Subject: Re: Swap overcommit (was Re: Replacement for grep(1) (part 2))
To: Charles M. Hannum <root@ihack.net>
From: Matthew Dillon <dillon@apollo.backplane.com>
List: tech-userlevel
Date: 07/13/1999 18:32:36
:
:>     Has your simulation ever been kicked by the kernel due to lack of
:>     swap space?
:
:I already said so.  Please at least pretend to read what I wrote
:before replying.
:
:There is a big difference here between a piddling web server and a
:1000-hour simulation.  If the web server goes down, you reboot it,
:maybe a few users are inconvenienced meanwhile, and maybe you lose
:some advertising revenue.  If the simulation has to be restarted,
:you've lost *valuable* computing time that is not easy to replace.
:
:There are many environments where even the possibility of the
:simulation crashing due to external influence is unacceptable.  I find
:it sad that you resist making FreeBSD robust against such problems,
:but that's your concern.

    Sigh.  If the simulation is so important to you and your system does
    not have sufficient swap, maybe you should consider fixing your system 
    rather then blaming the people who wrote it.  Or perhaps you should
    consider checkpointing the code if you aren't willing to look for
    easy solutions to the problem.  Unless all the users on the system are
    working against you, no one user with a runaway should be able to run
    a properly configured system out of swap by accident.  If your users
    are doing it on purpose then maybe you should find a different machine 
    to work on, eh?  

    In a cooperative environment it is extremely easy to prevent accidental
    runaways from eating a system's swap up, and still fairly easy to reduce
    the damage done by purposeful attacks.   In fact, at BEST we set soft 
    limits for most of the system resources to reasonable enough values that
    users don't need to change them and that has protected 25 machines and
    30,000 users for several years.

    If you want help in fixing your system, we can talk over private email.

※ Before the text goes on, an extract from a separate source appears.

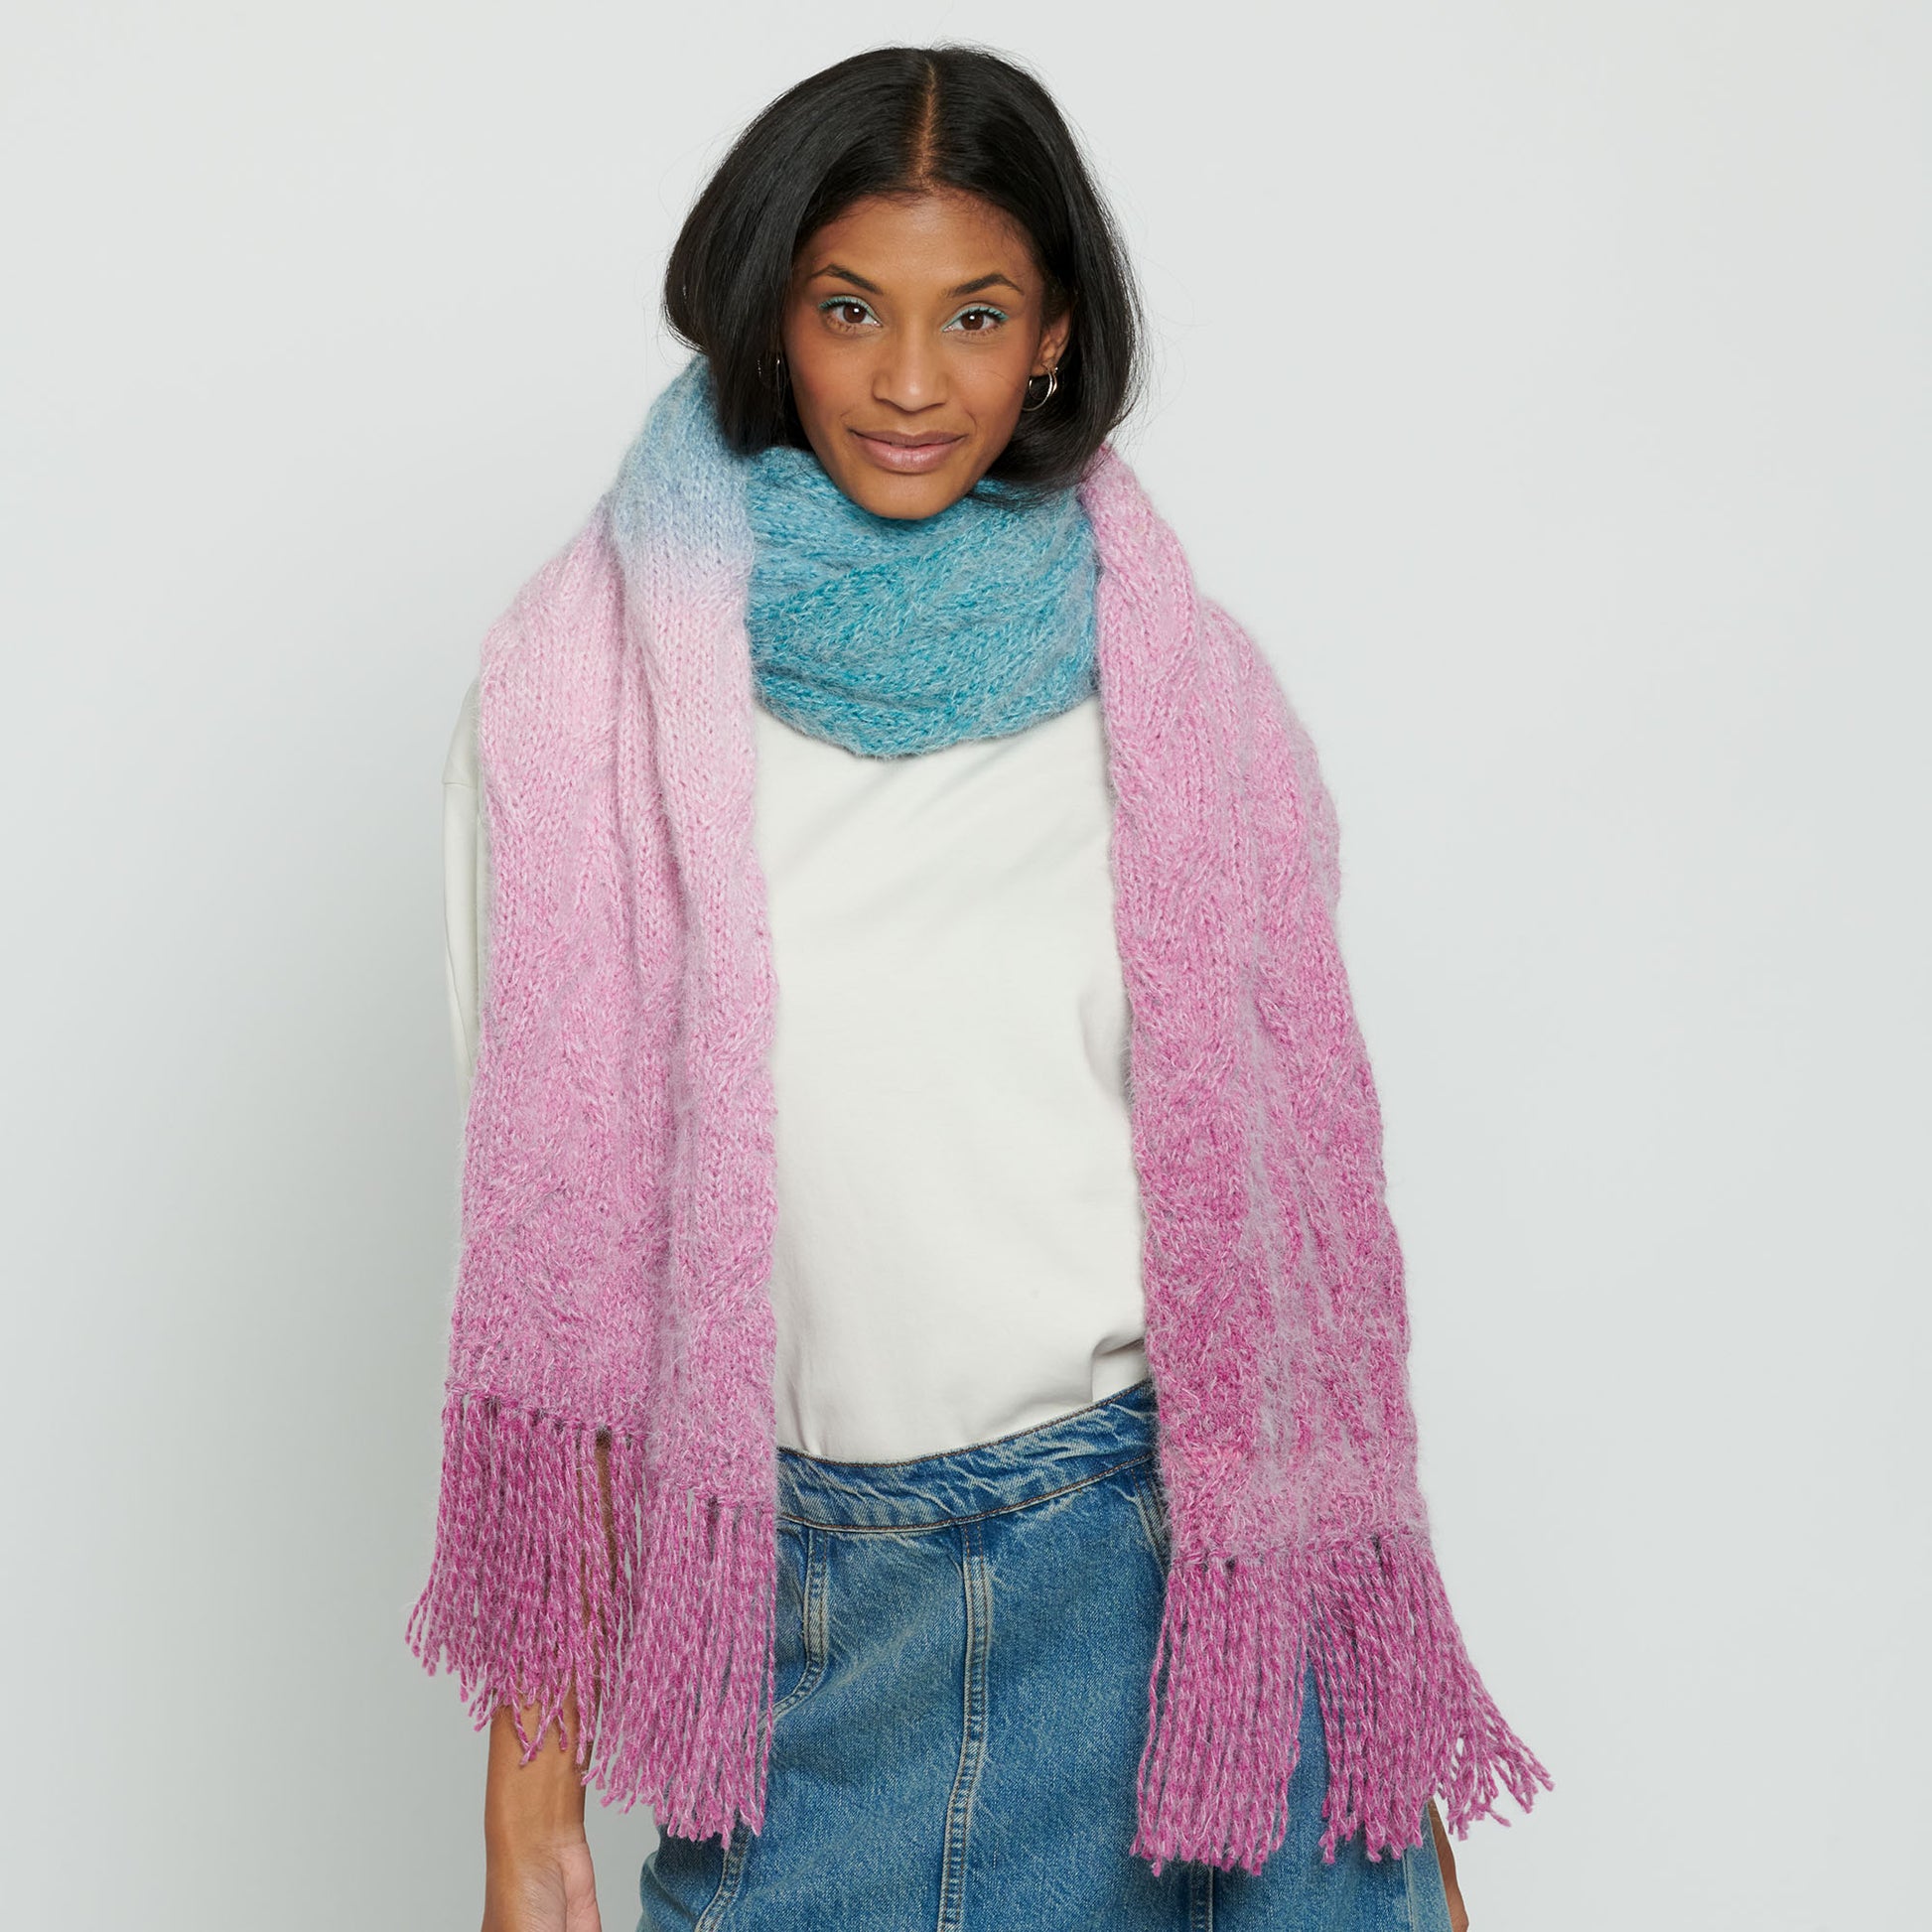 Caron Tuck Cables Big Knit Scarf Caron Tuck Cables Big Knit Scarf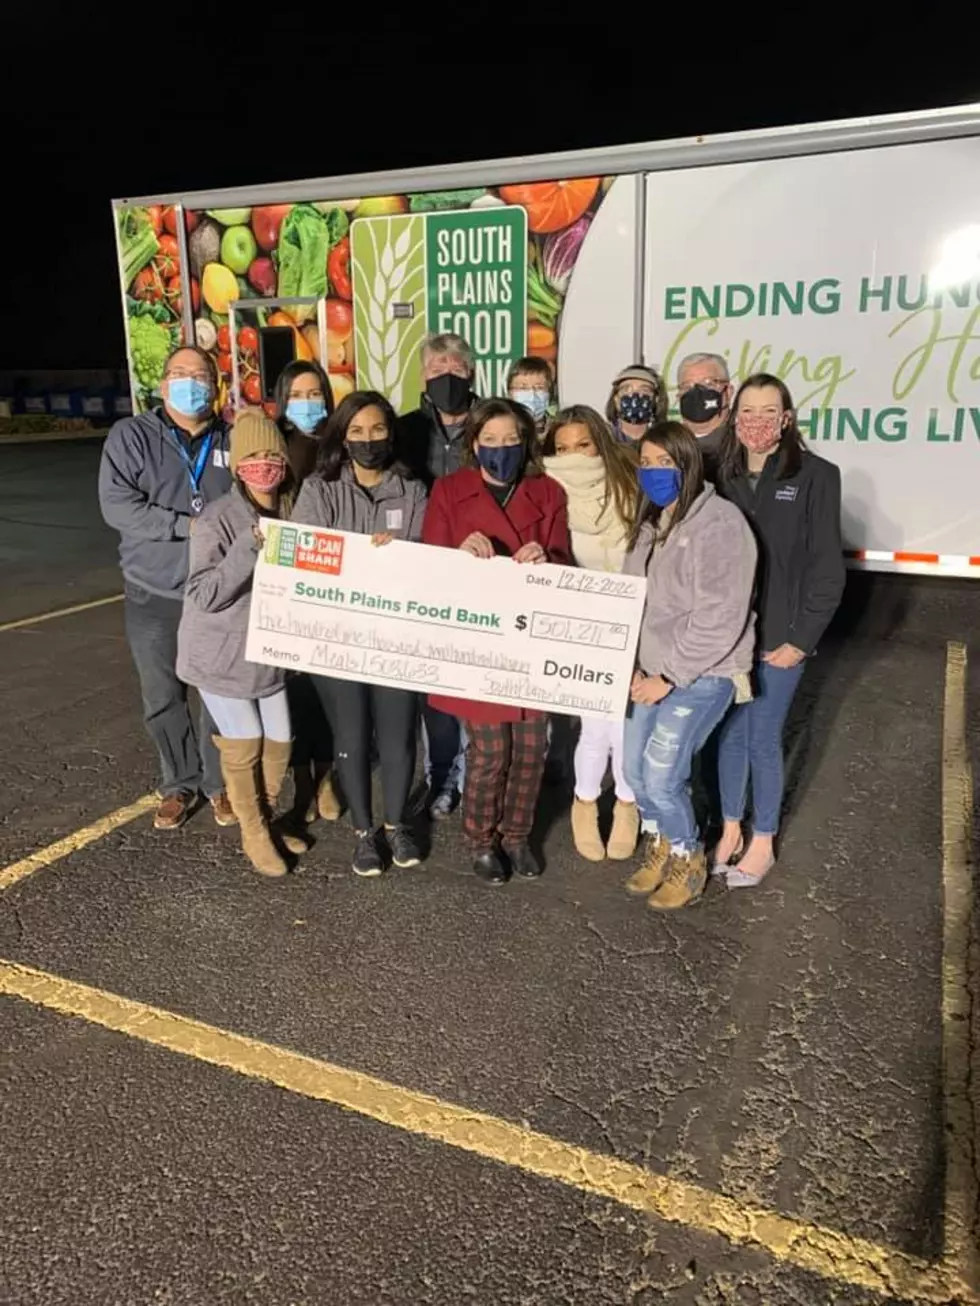 South Plains Food Bank Raises Over $500,000 During U Can Share Food Drive

    If you are looking for a magical overcommit solution you are going to
    be looking for a long time.  It isn't going to happen, because I doubt
    it would even come close to fixing your problems even if it were 
    available.

    If you are looking to blame overcommits for your problems, then lay out
    how your system is setup.  But I'll bet you the problem is something 
    less severe -- like a simple misconfiguration, or perhaps insufficient
    swap.  How much swap is on this system, by the way?

					-Matt
					Matthew Dillon 
					<dillon@backplane.com>